Would it be correct to just say that if $\frac{r_1}{r_2}$ is the ratio of radii between the two circles, then 
1) The radii are invariant under translation, $z \mapsto z+a$, so $\frac{r_1}{r_2}$ stays the same
2) Under scaling by a factor $z \mapsto az$, $\frac{ar_1}{ar_2} = \frac{r_1}{r_2}$ 
3) Under inversion, $z \mapsto \frac{1}{z}$, $\frac{1/r_1}{1/r_2} = \frac{r_2}{r_1}$
Or is there a different/better way to think about this problem? 
 A: You may assume that all four circles are centered at the origin. The $x$-axis $l_1$ and the $y$-axis $l_2$ can be considered as circles that intersect the first pair of circles at $90^\circ$. They will be mapped by $f$ onto two circles that intersect the second pair of circles at $90^\circ$, and it is easy to see that this is only possible if the circles $f(l_i)$ are again lines through the origin. As $l_1$ and $l_2$, as well as $f(l_1)$ and $f(l_2)$, intersect at $0$ and $\infty$ it follows that $f$ either keeps $0$ and $\infty$ fixed or interchanges these two points. This in turn implies $f(z)=c z$ or $f(z)=c/z$ for a suitable $c\ne 0$. In both cases the ratio between the larger and the smaller radius of the two circles stays the same.

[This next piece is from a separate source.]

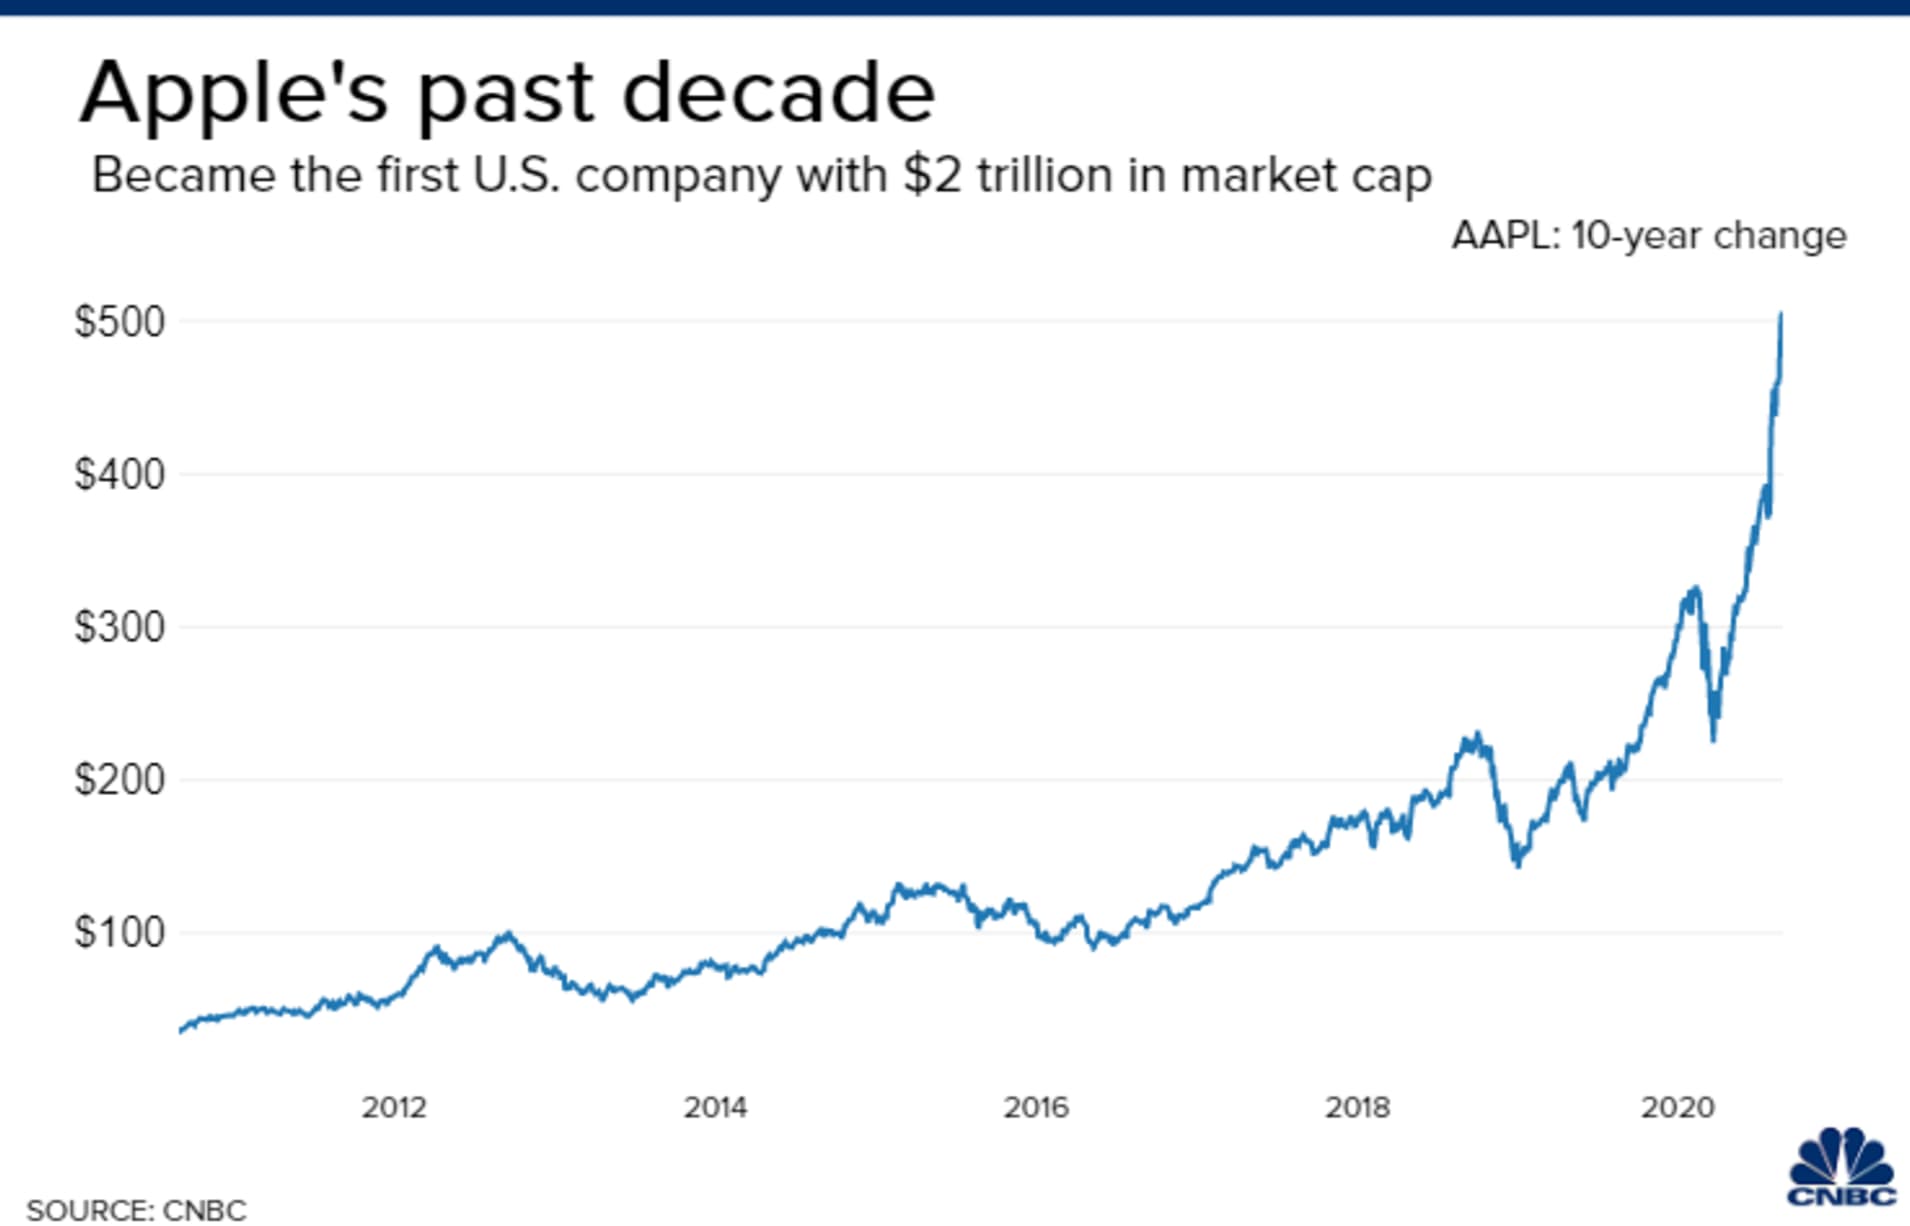 Apple stock over the past 10 years

A: If you think of the two concentric circles as bounding an annulus $A_1$, and then of their images as bounding an annulus $A_2$, then the Möbius transformation is inducing a conformal transformation between $A_1$ and $A_2$, and it is a general fact the ratio of the inner and outer radii of an annulus is a conformal invariant.
This places the property you are asking about in a broader context, although I haven't answered the question as to why this general fact is true.  For the moment, let me defer to wikipedia for one proof of this fact.
A: Your (3) is correct only if both circles are centered at the origin. Below is a brief proof.
Let $T$ be the Möbius transformation in question. Let's say the pair of concentric circles $C_1$ and $C_2$ are both centered at $a$ of radii $r_1$ and $r_2$, and their images $T(C_1)$ and $T(C_2)$ are both centered at $b$ of radii of $r'_1$ and $r'_2$. Without loss of generality, we can let $a=b=0$ through translations.
The key observation is that 0 and $\infty$ are symmetric to each other relative to both $C_1$ and $C_2$. Therefore $T(0)$ and $T(\infty)$ must be symmetric relative to both $T(C_1)$ and $T(C_2)$. So we have $|T(0)| |T(\infty)| = {r'}_1^2 = {r'}_2^2$. Since $r'_1\neq r'_2$, this implies that either $T(0)=0$ and $T(\infty)=\infty$, or $T(0)=\infty$ and $T(\infty)=0$.
In the first case, $T$ is the combination of a rotation and a dilation, and $r_1/r_2=r'_1/r'_2$. In the second case, $T$ is the combination of a rotation and a dilation and an inversion, and $r_1/r_2=r'_2/r'_1$.